Charles ‘Peanut’ Tillman, Darius Leonard and the sweet science of forcing fumbles – the athletic


When Colts general manager Chris Ballard selected South Carolina State linebacker Darius Leonard in the 2018 draft, he texted Chicago Bears cornerback Charles “Peanut” Tillman. which he championed as a zone scout before the 2003 draft.

“We just found the linebacker version of you,” Ballard wrote to Tillman, who is now a Chicago-based FBI agent.

Today, Tillman watches Leonard when he can, and he’s struck by the similarities. Leonard is taller, of course, a linebacker rather than a defensive back, but both men have unusually long arms and remarkable hand-eye coordination abilities.

Tillman is the father of “Peanut Punch”, using boxing techniques to separate the ball from the ball carrier. He forced 44 fumbles over his 13-year career and 168 games. Leonard, who already has four this season and is hoping the “Peanut Punch” will one day be known as the “Maniac Knockout,” forced 13 fumbles in 52 games.

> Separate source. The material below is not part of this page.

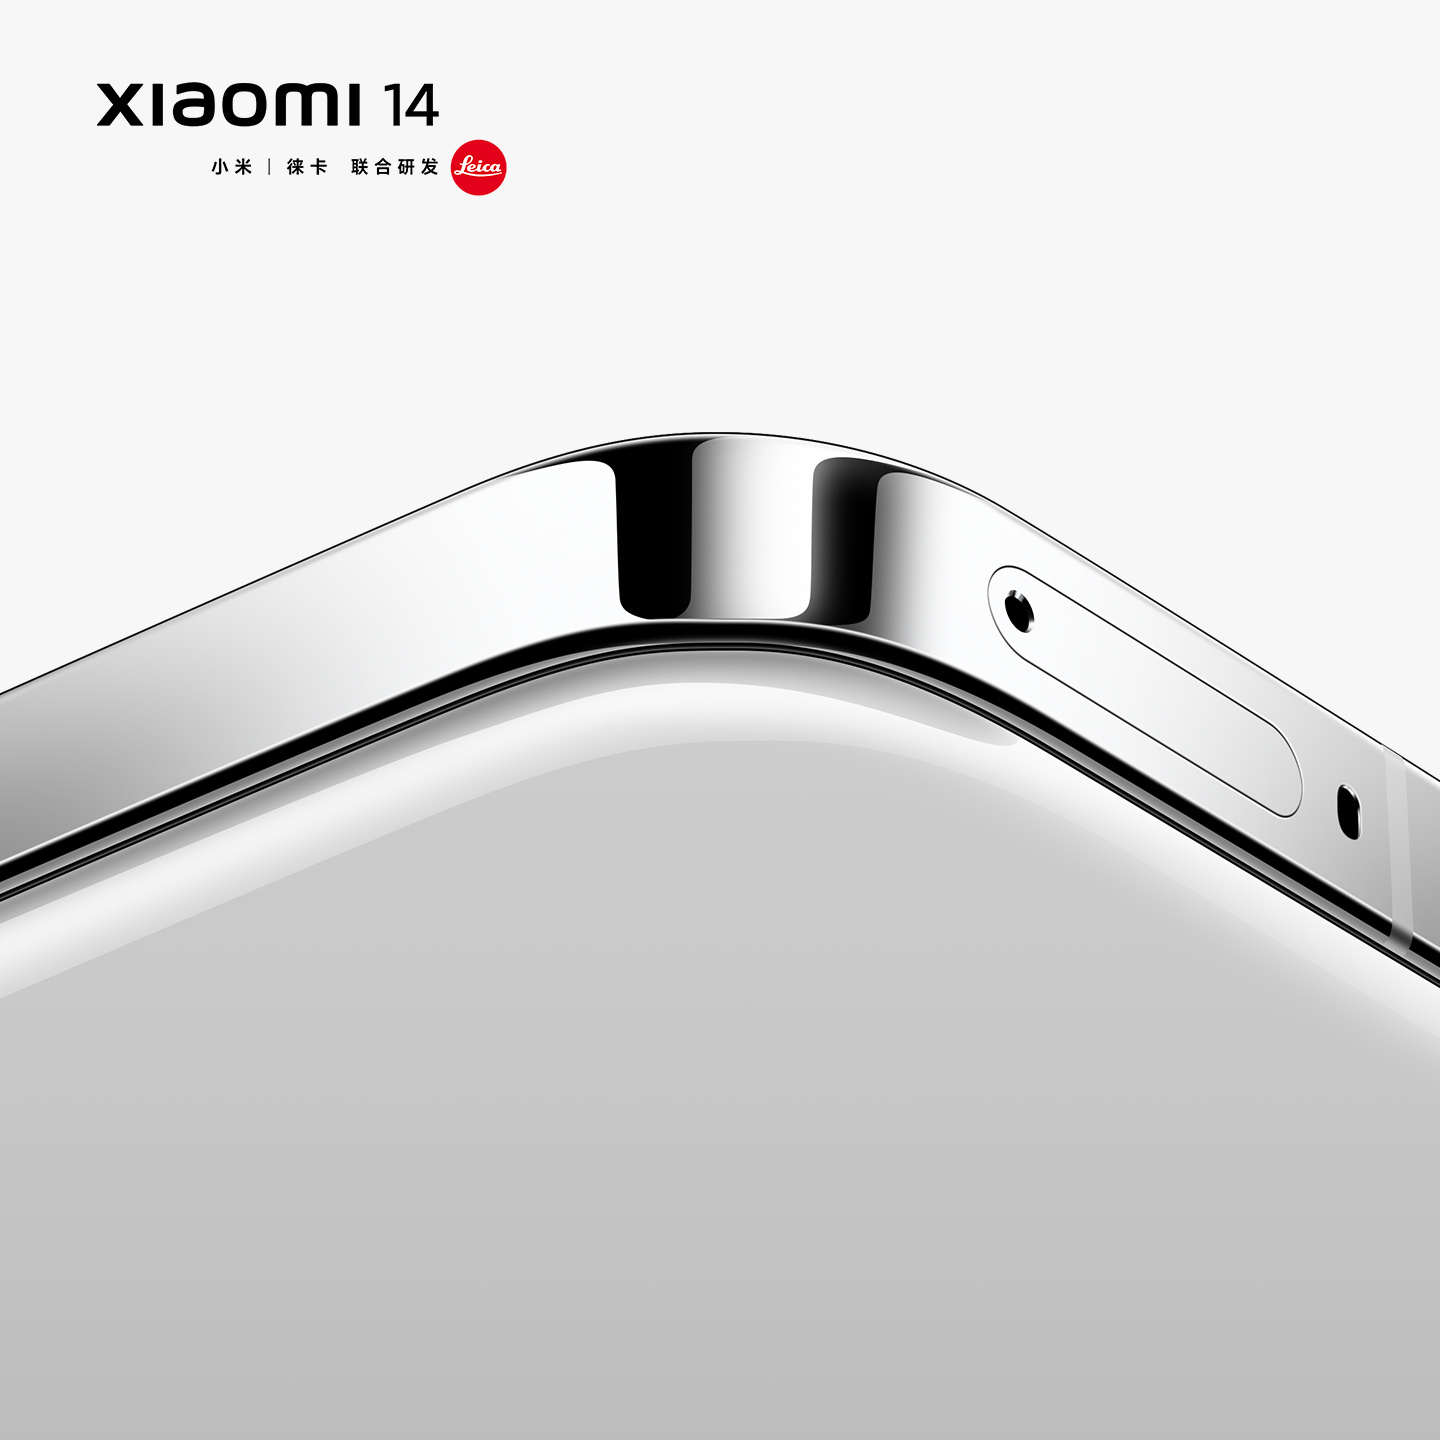 Chính thức: Xiaomi 14 ra mắt ngày 26/10, là smartphone đầu tiên dùng chip Snapdragon 8 Gen 3 - Ảnh 3.

“I see players doing it all the time, looking at Darius last week (against the Jets), it’s like, ‘Yeah, that’s what I’m talking about,'” Tillman said. “I wish everyone would do it. It’s effective. It works.

“What’s the statistic? If you are more of one in turnovers, will you save 70 percent of the time? Plus-two, 80 percent. Take-out, they count. If you don’t have the power to hit people hard enough to get the ball out, and I was a good tackle but not the hardest DB, you have to find another way. So I hit him.